From Uluwatu, it was truly hard to tear myself away, I headed to Canngu. I had heard it was more a party town and wasn't sure what to expect. Canngu is LA. There is a rip in the time/space continuum and LA exists in California and Bali. Honestly, LA and Canngu are the same place. It is packed with surf/skate shops and wellness stores up the wazzu. I was in heaven with all the wellness goodies available, although I chose to spend my money on all the gorgeous sarongs Bali has to offer. The vegan/health food available was phenomenal and there was so much to choose from, it was overwhelming-- just like LA! The beaches were okay but, had nothing on Uluwatu. Even the beach in Canngu reminded of me LA. I was only in Canngu for a couple days so, I mostly did a smoothie bowl taste test at as many restaurants I could, wandered around health stores and read on the beach. My friend, Elizabeth, came down from Ubud and we attended the restaurant opening of another woman we met off Lacy's FB. Lacy's Fb is there place to be! Fiona's restaurant's, Parachute, was absolutely breath taking.
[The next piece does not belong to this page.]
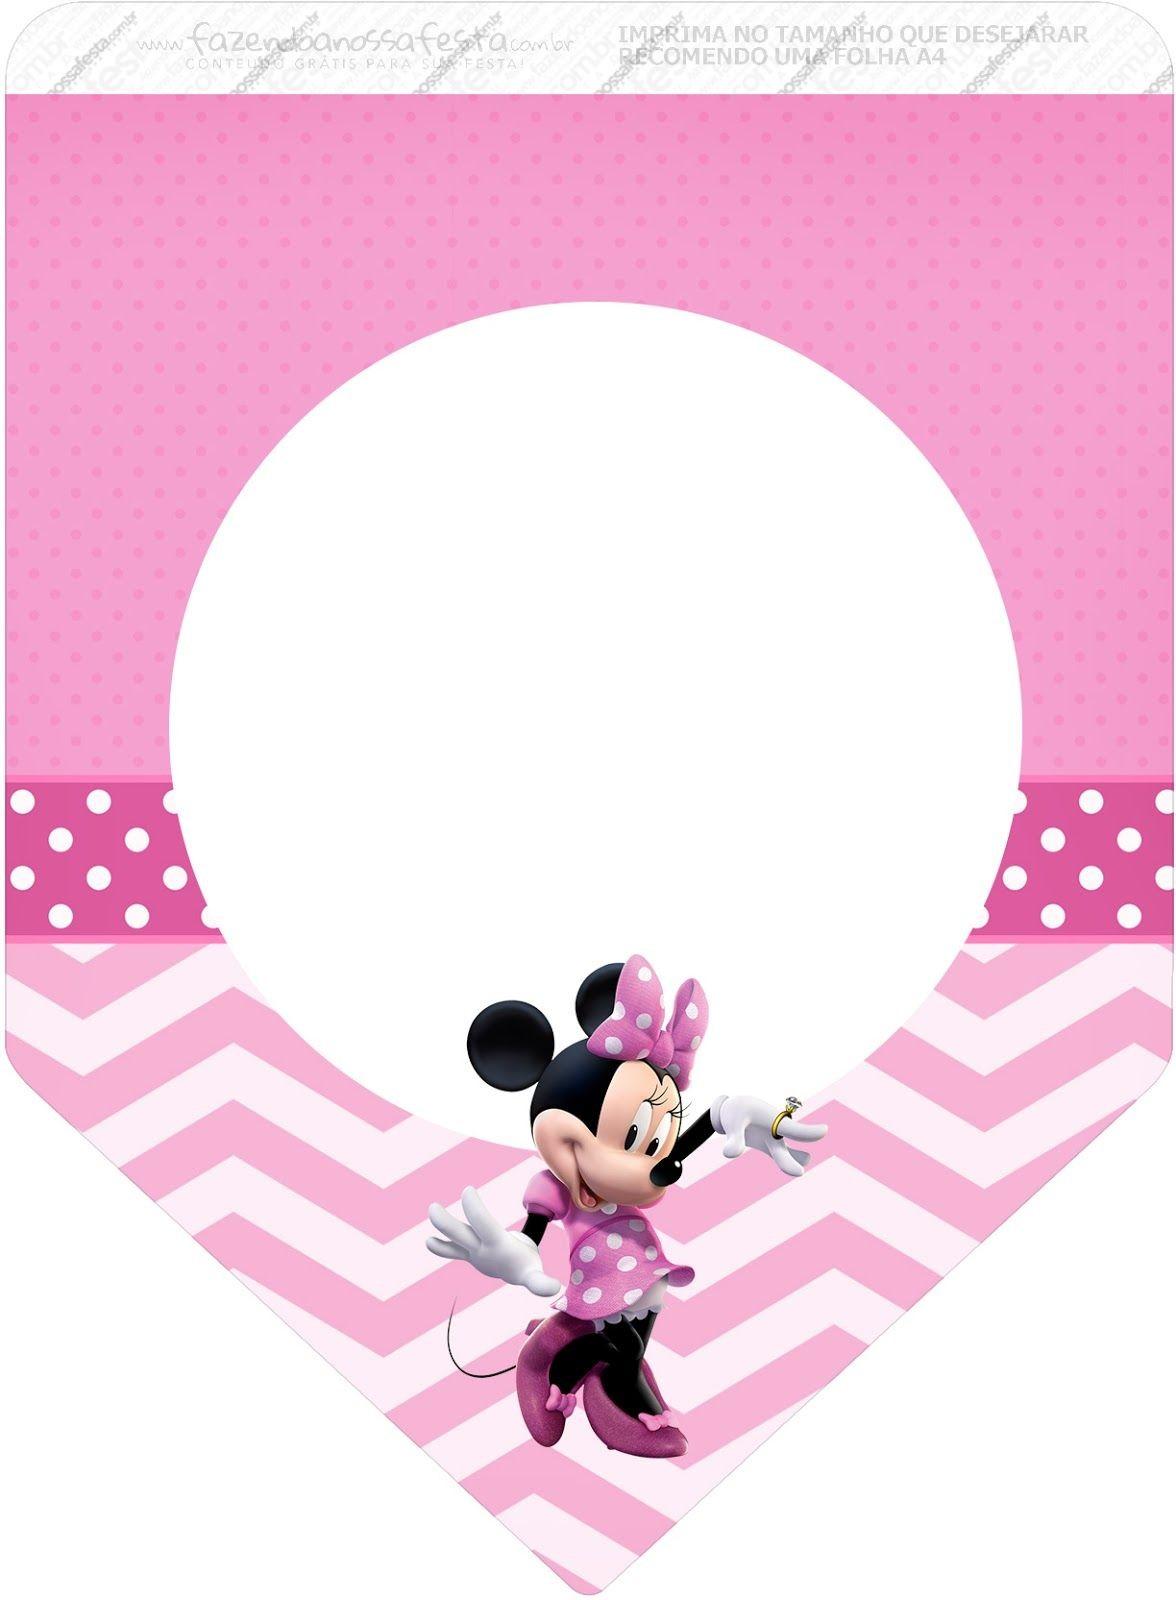 Minnie Mouse Papercraft Coqueta Minnie En Rosa Imprimibles Gratis Para Fiestas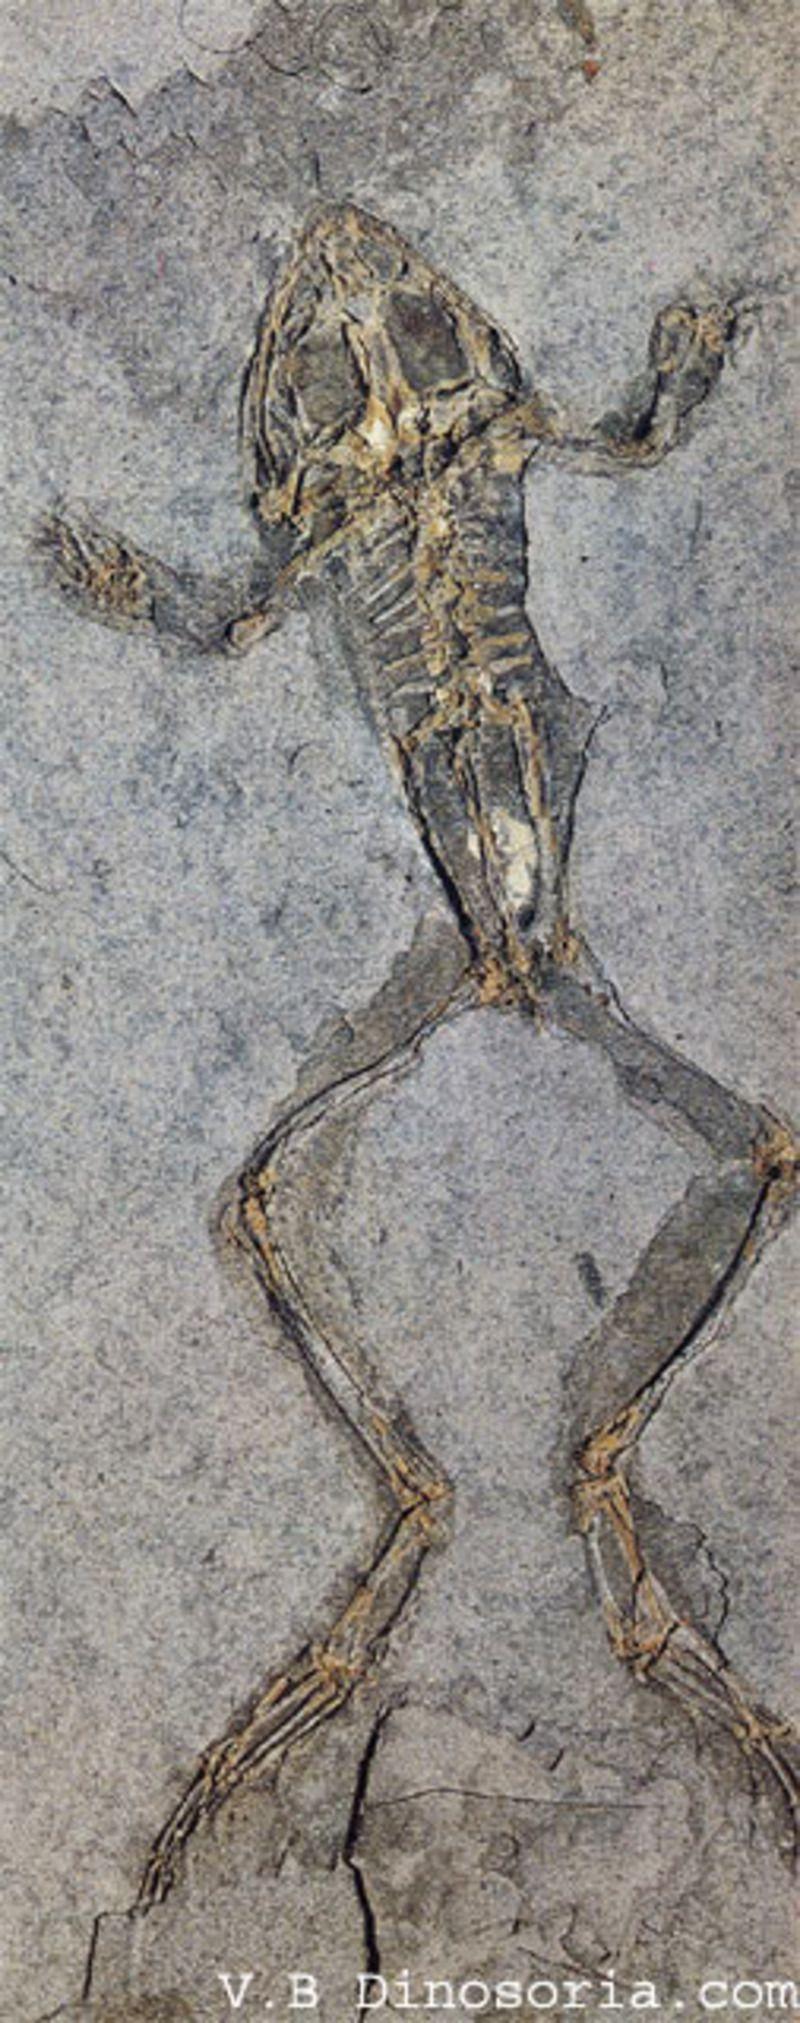 grenouille-fossile-201f771.jpg

It's nestled in the few rice fields left in Canngu and had incredible food. It was a fancy treat to be able to attend and to attend with friends! It made Bali feel like home already.
I was only in Canngu for a couple days because I had decided, spur of the moment, to fly to Australia and surprise Guy! I bought a one way ticket and would stay for as long as I could afford (it wouldn't be long as my money was LOW). I was bummed to leave Bali but, I knew then (and know now), I'll be back for a much longer stay in the near future.